How many times have you said "Alexa" or "Hey, Google" in your life??
Wakeup word is a great invention and great tool to kick start conversation. However, this is not the only way for to do that. I would like to propose a new trigger for starting conversation with AI assistants.
What it does
Gaze VUI notices your intention by detecting your head pose and eye contact. When detecting your gaze, Gaze VUI starts to listen for your voice command. So you just look at the device and order what you want. This is a simple, easy and intuitive way. Users don't need to learn new things like gesture and so on. Like human to human communication, you just look at and communicate.
How I built it
- Gaze VUI captures 1024x768 images from night vision camera stream. 2.Gaze VUI resizes the images to 320x240. It detects your frontal face from the smaller image.
- When the face is detected, Gaze VUI crops your frontal face from the larger image(1024x768) by mapping from smaller image(320x240). It detects your frontal eyes from the cropped image.

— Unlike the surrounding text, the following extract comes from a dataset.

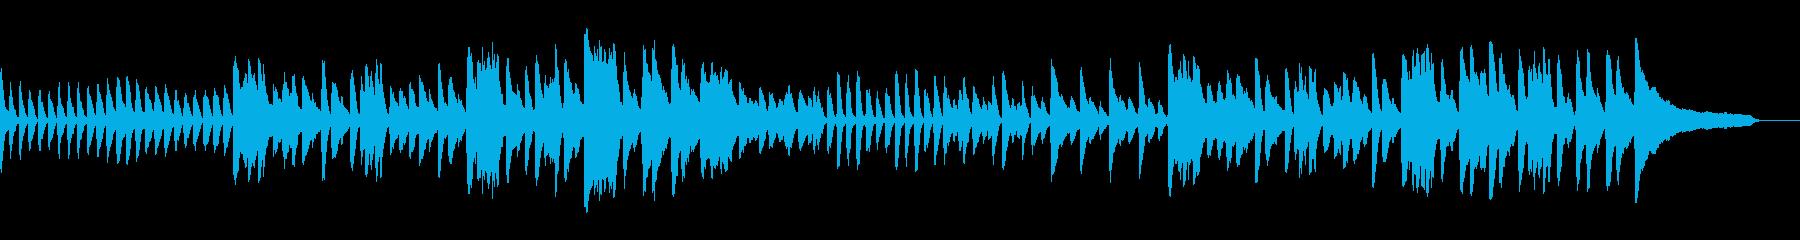 スタイリッシュであたたかい空間なピアノ曲の再生済みの波形

- When eyes are detected, Gaze VUI checks your gaze by using template matching.
- When gaze is detected, Gaze VUI starts to listen for your voice and communicates with Alexa(*).
(*) To implement the function works with Alexa Voice Service, this project is forked by AlexaPi. https://github.com/alexa-pi/AlexaPi
Challenges I ran into / Accomplishments that I'm proud of
By using two sizes of images, I accomplished both accuracy and speed in the detection phases.
By introducing night vision camera, accuracy in dim environment is improved drastically. (But it's still not perfect.)
What's next for Gase VUI
Here are some features from the original plan had to be dropped/ended up being dropped.
Handling false positive cases For handling false positive case, I wanted to introduce far-field microphone array module. By using this, Gaze VUI can compare the direction of audio source and your gaze. So your Alexa can avoid purchasing a doll house by accident :)
LED indicator Wanted to install LED module which can notify the recognition status of Gaze VUI.
360 camera By introducing 360 camera, it can be place anywhere you want. But as of now, stitching is too heavy for real time processing on Raspberry Pi.
And more In the original plan, I wanted to use Neural Compute Stick(*) to recognize gaze. By introducing edge AI technology, it could be more smarter without worrying about privacy issue.